The cure for anything is salt water-
sweat, tears, or the sea.

These words by Isak Dinesen begin The Taste of Salt and I don’t think I’ve ever seen a quote used more appropriately. All three play roles in this family story mostly about how addiction affects the members – users and non-users.

Josie Henderson has always been drawn to the sea. Even when the only body of water she could get to was a river in her hometown of Cleveland. Growing up as the daughter of an alcoholic, Josie left home as soon as she was able and created a life for herself as a marine scientist, one of the few black women in her field. But when her younger brother Tick, an addict himself, is released from yet another rehab, the past that she has worked so hard to put behind her comes rushing back. Josie is forced to face her own addictions and the fragility of the marriage that she is in.

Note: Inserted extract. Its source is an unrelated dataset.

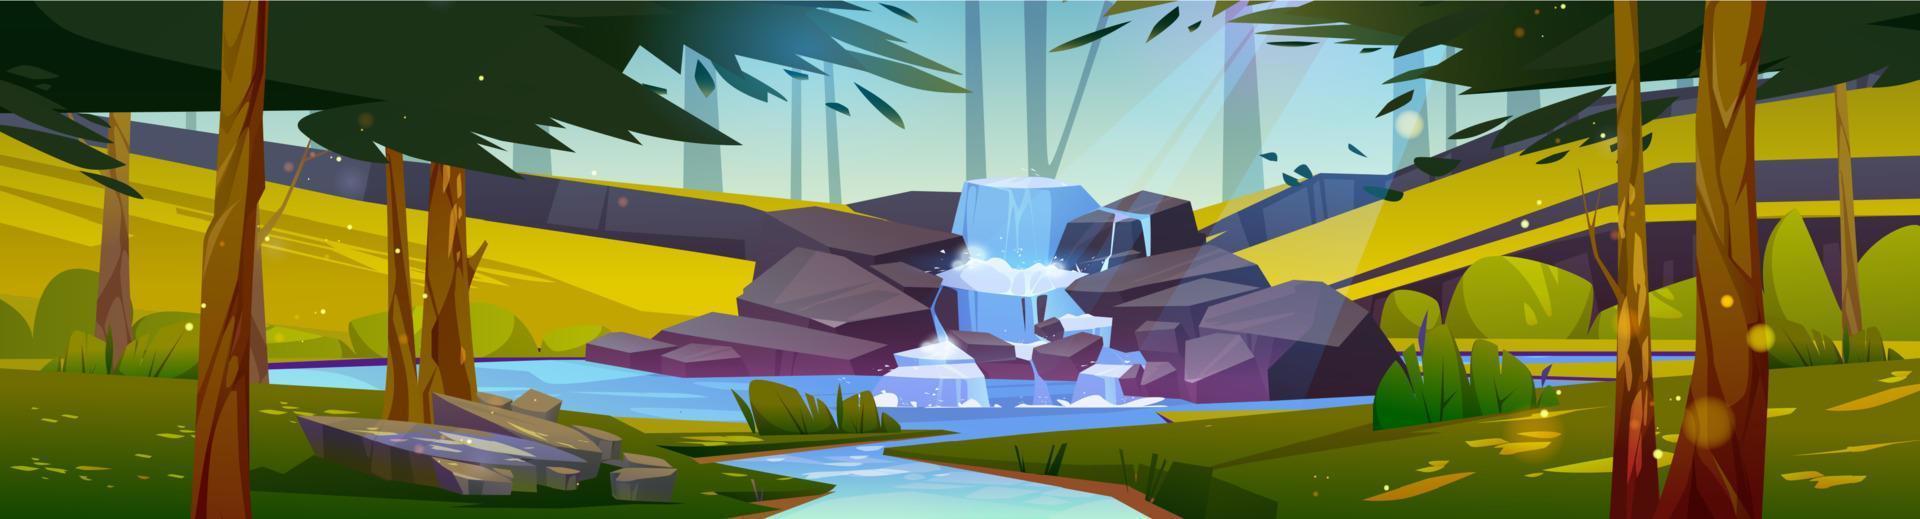 cascade dans la forêt d'été, paysage 2d de dessin animé vecteur

One of the reasons that I love Martha Southgate’s works, is that she is a master at relating the subleties of family dynamics and she also writes about issues of race in a compelling and thoughtful way. Her decision to make Josie a scientist made me really happy. You don’t see black women (or men, for that matter) portrayed in novels in fields of study like science. Loved it. 

I also recommend you read one of my favorites by Southgate, Third Girl From the Left.